Phagocytosis of aggregated alpha-synuclein (α-SYNC) by macrophages in the GI tract of aged rats. (A) The processes of a CD163+ macrophage (blue/grey) contact a large aggregate of α-SYNC (brown). (B) Small thread-like tendrils originating from a CD163+ macrophage (blue/grey) surround an aggregate of α-SYNC (brown). (C) An enlarged tracing of the tendrils in panel B. Panels A–C are from the stomach of an aged rat. (D) An MHCII+ macrophage (blue/grey) with numerous long-thin tendrils within a field of small α-SYNC+ aggregates (arrowheads) in the jejunum of an adult rat. (E) An enlarged tracing of the macrophage in panel D emphasizing the presence of numerous filopodia and tendrils.
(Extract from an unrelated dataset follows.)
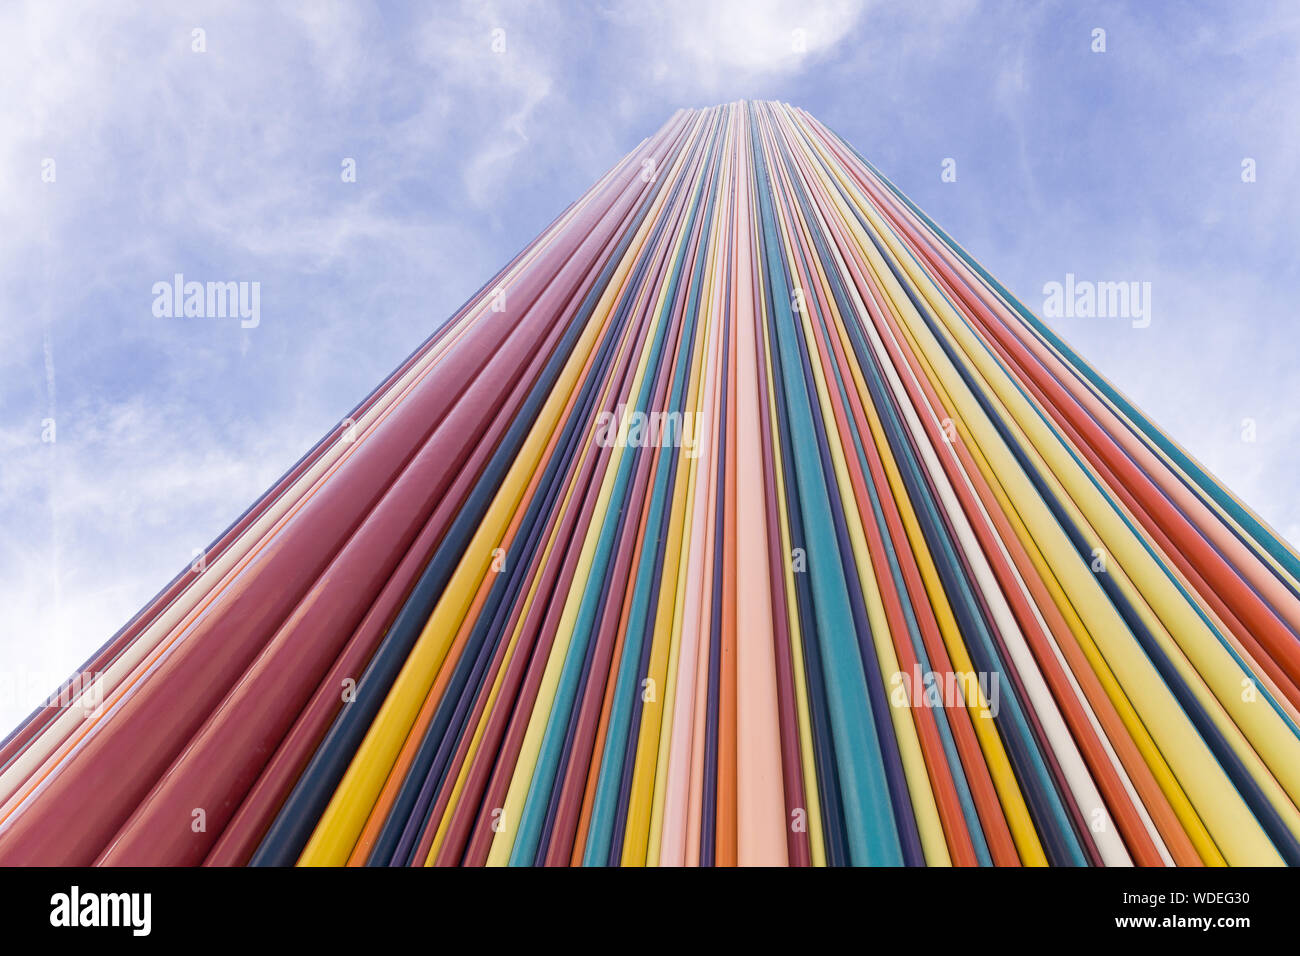 Le Moretti - Détail de la cheminée' 'Moretti, 32 m de haut, la sculpture en fibre de verre installé à la défense, à Paris, France, Europe. Banque D'Images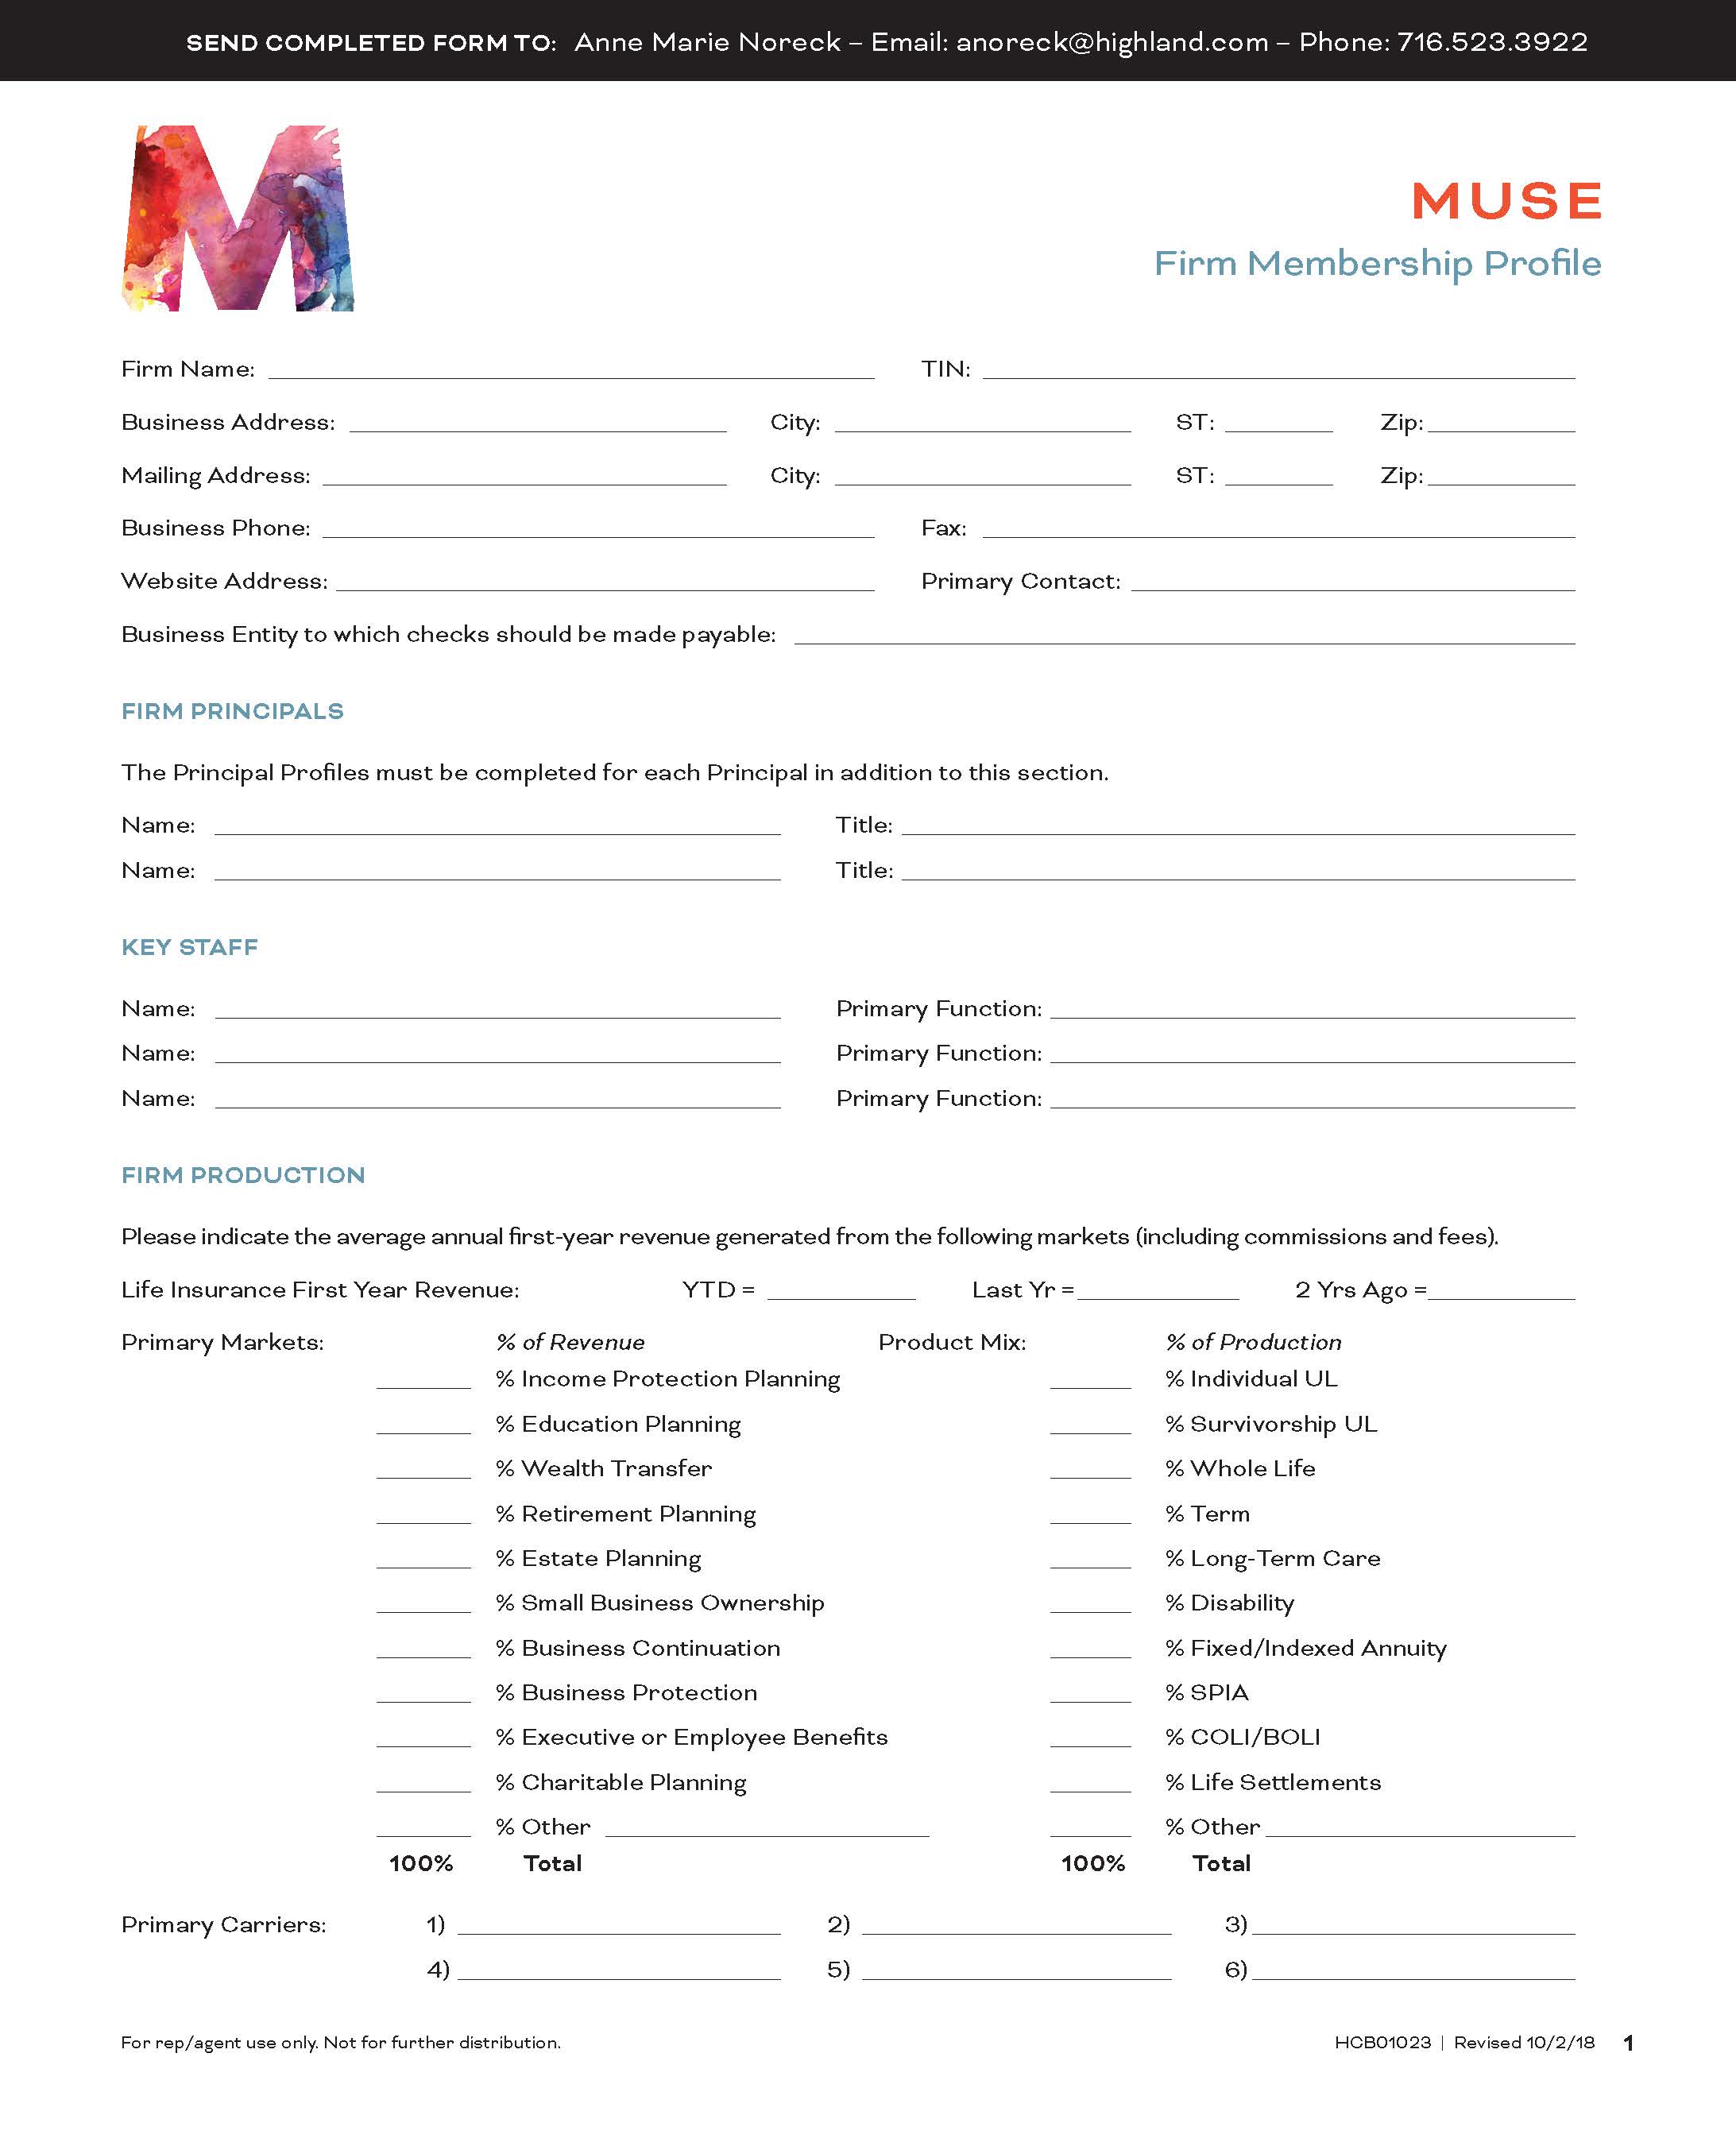 Firm Membership Profile

Aggregated α-SYNC was rare in the adult enteric nervous system (D), but common in the GI tract of aged (A–C) rats. Focus stacking was used to create an extended depth of field in panels A–C. Scale bars = 10 µm in D (applies to A,B,D); 5 µm in C; 5 µm in E.

Figure 13

Monocytes and amoeboid-like macrophages (grey/blue) infiltrate the GI musculature and appear, based upon their concentration gradient, to be migrating through the length and width of the small (A,B) and large (C) intestines. Images are from whole mounts stained for MHCII (A,B) and CD163 (C). Whole mounts were double labeled for either α-SYNC (A,B; brown) or TH (C; brown) to visualize the myenteric plexus. Scale bar in C = 125 µm for A,B; 250 µm for C.

Figure 14

The outside perimeter of the blood vessels (BV) located in the smooth muscle wall of the GI tract are well defined by TH+ axons (brown), monocytes, amoeboid-like cells, and macrophages (blue/grey) throughout the GI tract (small intestine: A; large intestine: B–C). Monocytes and macrophages lining the BV are immunoreactive for CD163 (A,C) and MHCII (B). The pattern was the same regardless of age (adult: B,C; middle-aged: A). Panels C is a montage consisting of two low power (20× objective) images. Scale bars = 100 µm in A; 40 µm in B; 50 µm in C.